EllieW909 Posted November 11, 2016 Posted November 11, 2016 I met a guy about 6 months back, and we started seeing each other casually - had a few dinner dates, met for coffee several times a week, hooked up.. but never made anything official as we had both broken up from pretty serious relationships (marriages) less than a year ago. Anyhow, a back seat was taken for a while and he stopped texting as much and the 'dates' and hook ups started to dwindle a bit, although he still texted and met me now and again as work was pretty hectic for him which I understood. He had still flirted the way he always had, had always told me he wasn't going to be serious with someone again for a while.. just two weeks ago he sent me some pretty saucy texts, which again, now and again he does do. Then, didn't hear from him for a week because of 'work', then tells me he's met a great girl, how she's amazing and how they have 'clicked'. Things seemed to move pretty fast as they were going on a date the day after they met, or so he says. Again, because he told me about this girl, I kept my distance until he text me again a few days later, saying he was heartbroken as he was dumped by this 'great girl who he had met'. He seemed to want to vent out how amazing this girl was to me, and it was like the previous months of seeing me several times a week no longer mattered, or he no longer cared about it. I put it down to a jealous tactic and left it at that. Then.. out of the blue last night he sends a text.. 'coffee tonight?'. Chatting as normal, out of the blue, hours later proceeds to tell me he's actually made up with this girl and they are now official but it would be great to catch up tonight with a coffee as he hadn't seen me. I said, OK, was a bit upset at this as had thought he wanted to meet back up to obviously start seeing me again. Gave him a time for the next day as I wanted to get my head around the news before meeting him, he said this was okay. Then he had to change the time the next day.. told him to message me to tell me if it was still okay, but never does, the hours pass, and suddenly tells me he's off on a date with his girlfriend tonight. What is this guy's deal? Is it likely this girlfriend is real? Is this something made up to make me jealous? If she is real then why does he insist on contacting to tell me instead of letting me go and getting on with life with his new girlfriend? I'm so confused as to whether there is still something there or not. Thoughts?

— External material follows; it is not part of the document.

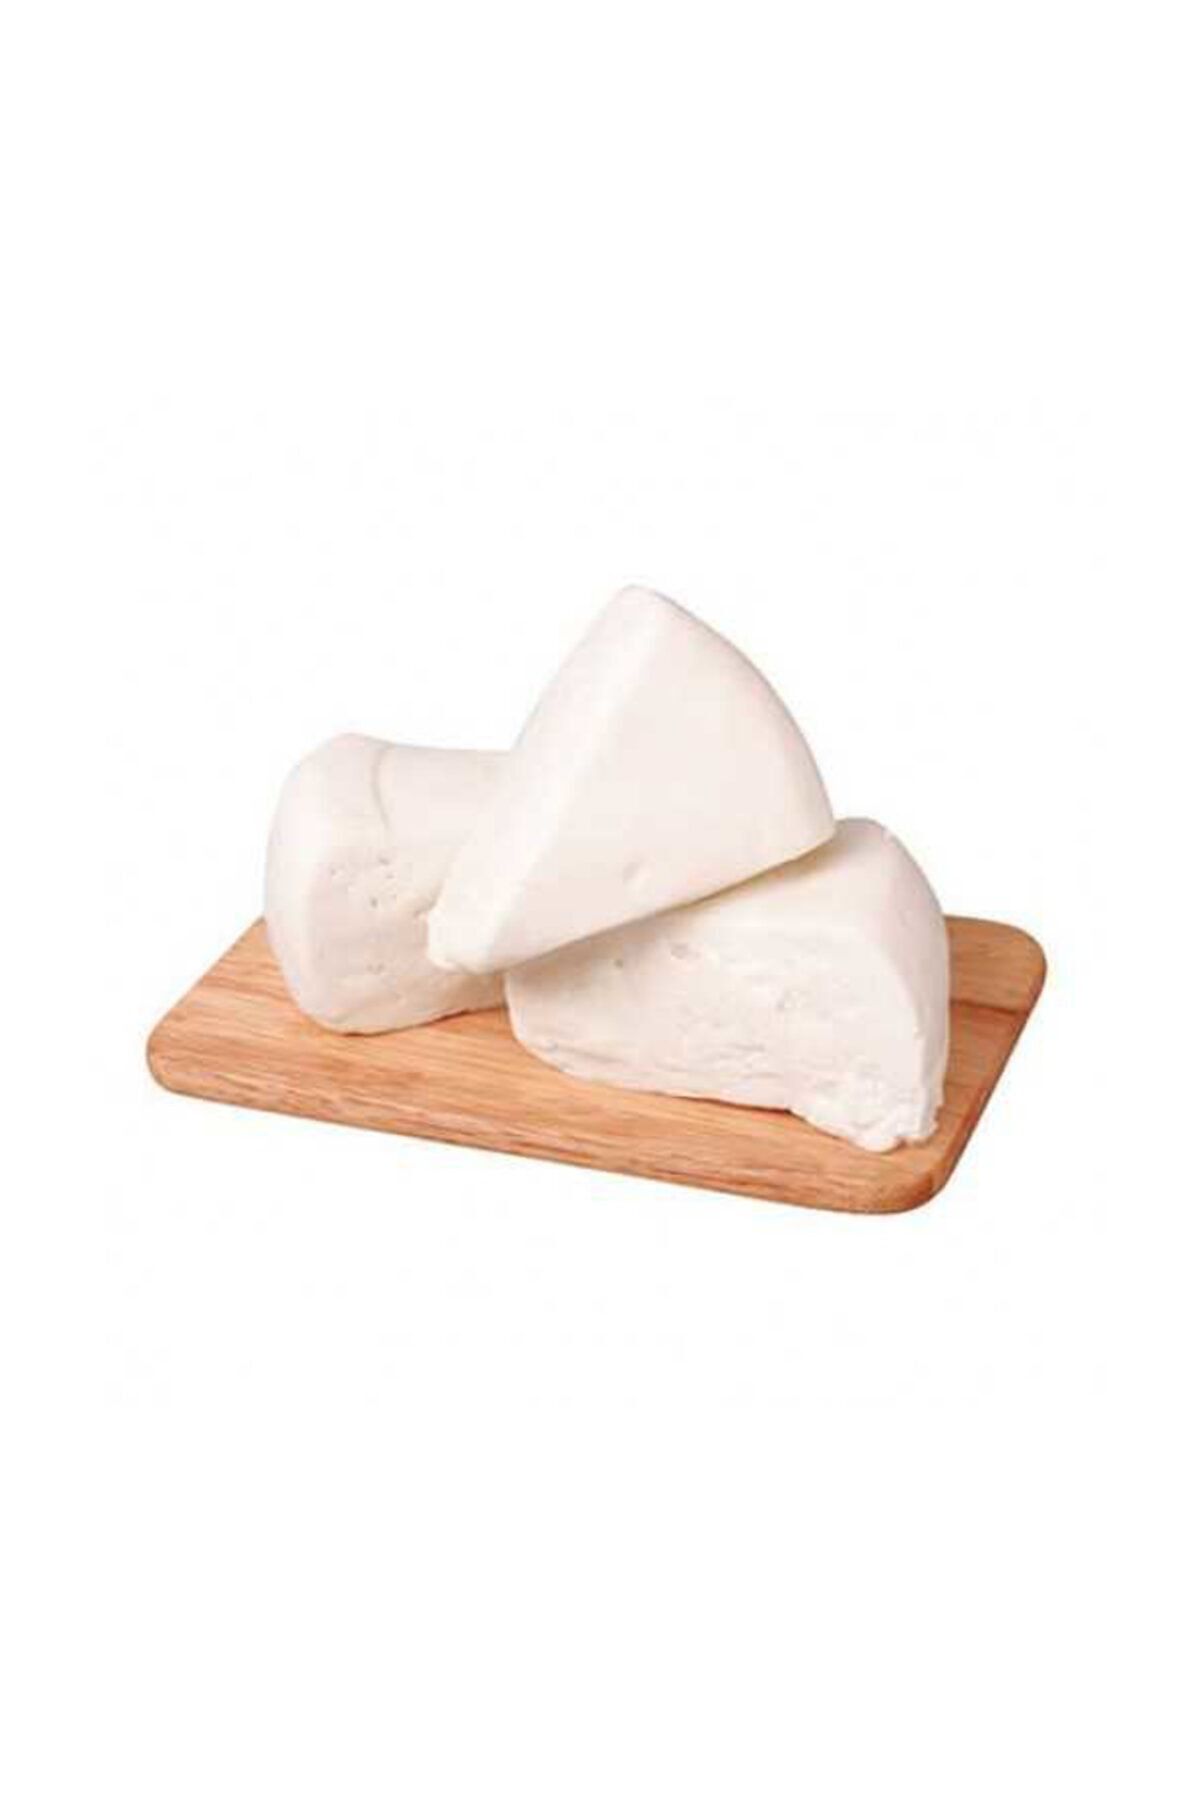 Genel Markalar Köy Peyniri 500 gr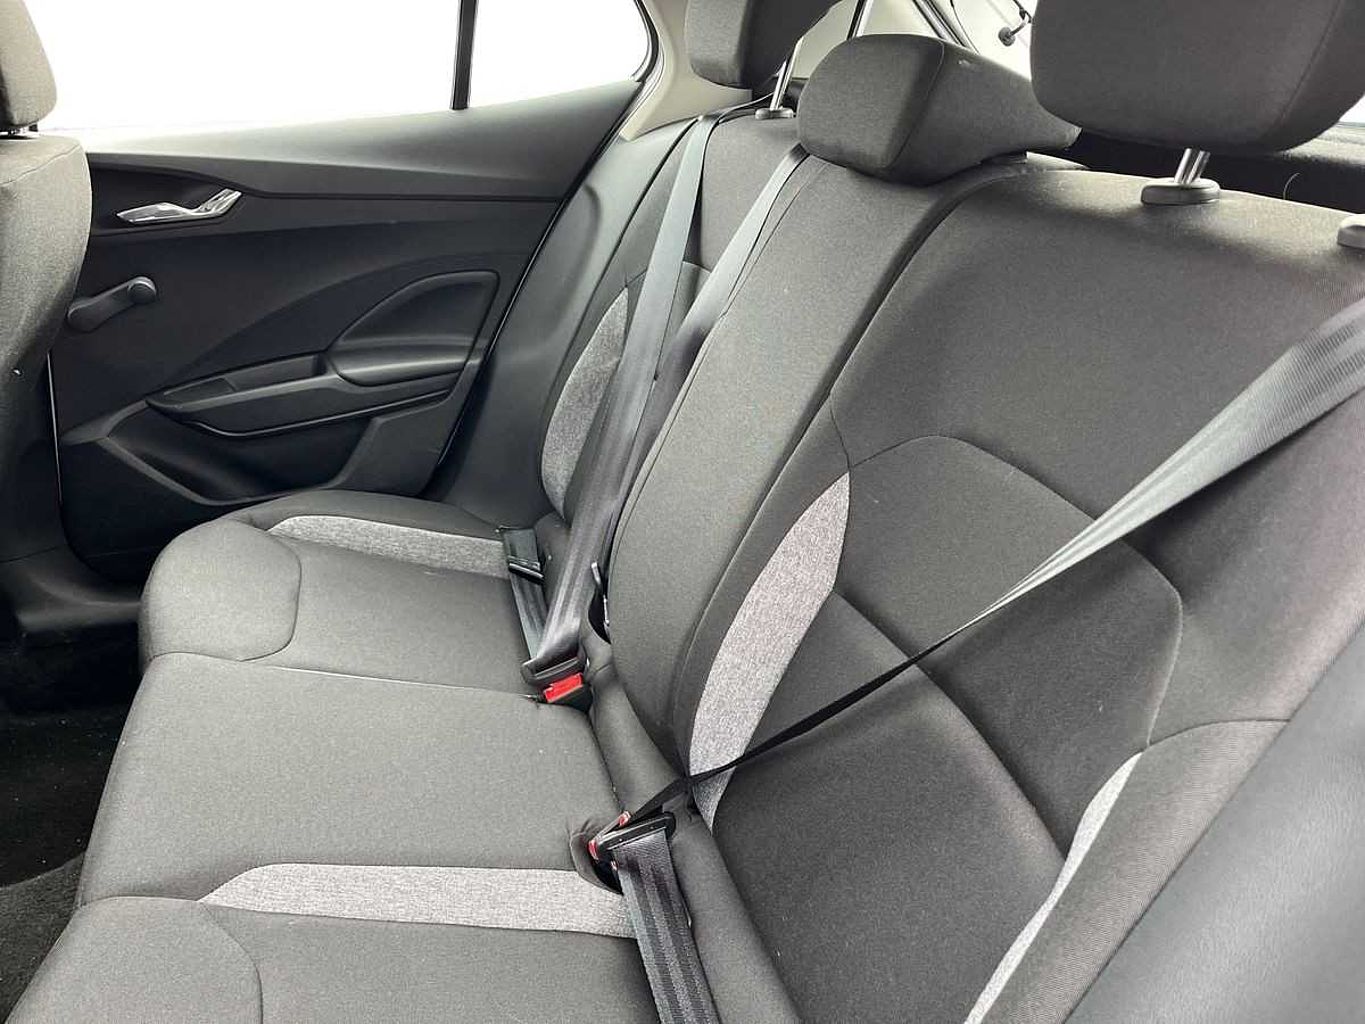 SKODA Fabia 1.0 MPI (80ps) SE Comfort 5-Dr Hatchback

Zahara Posted November 11, 2016 Posted November 11, 2016 What is this guy's deal? Is it likely this girlfriend is real? Is this something made up to make me jealous? If she is real then why does he insist on contacting to tell me instead of letting me go and getting on with life with his new girlfriend? I'm so confused as to whether there is still something there or not. Thoughts? I'm not even sure why you're sitting around dealing with this BS. Whether the girlfriend is real or not, getting kicked around should have you ceasing contact with him. Make you jealous? But why? I think he contacts you when he needs attention or sex and when this girl is in the picture he kicks you to the curb. Some guys thrive on an ego boost, especially when they know a woman is into them (you). There was nothing there to begin with. 5
smackie9 Posted November 11, 2016 Posted November 11, 2016 I'm getting the impression you were just FWB. Some people just "assume" things, then to find out it's not what they thought. I don't think he bs'd or used you, my guess he never really knew that you were more serious than he was. It would help things if you were honest with him and communicated how you feel.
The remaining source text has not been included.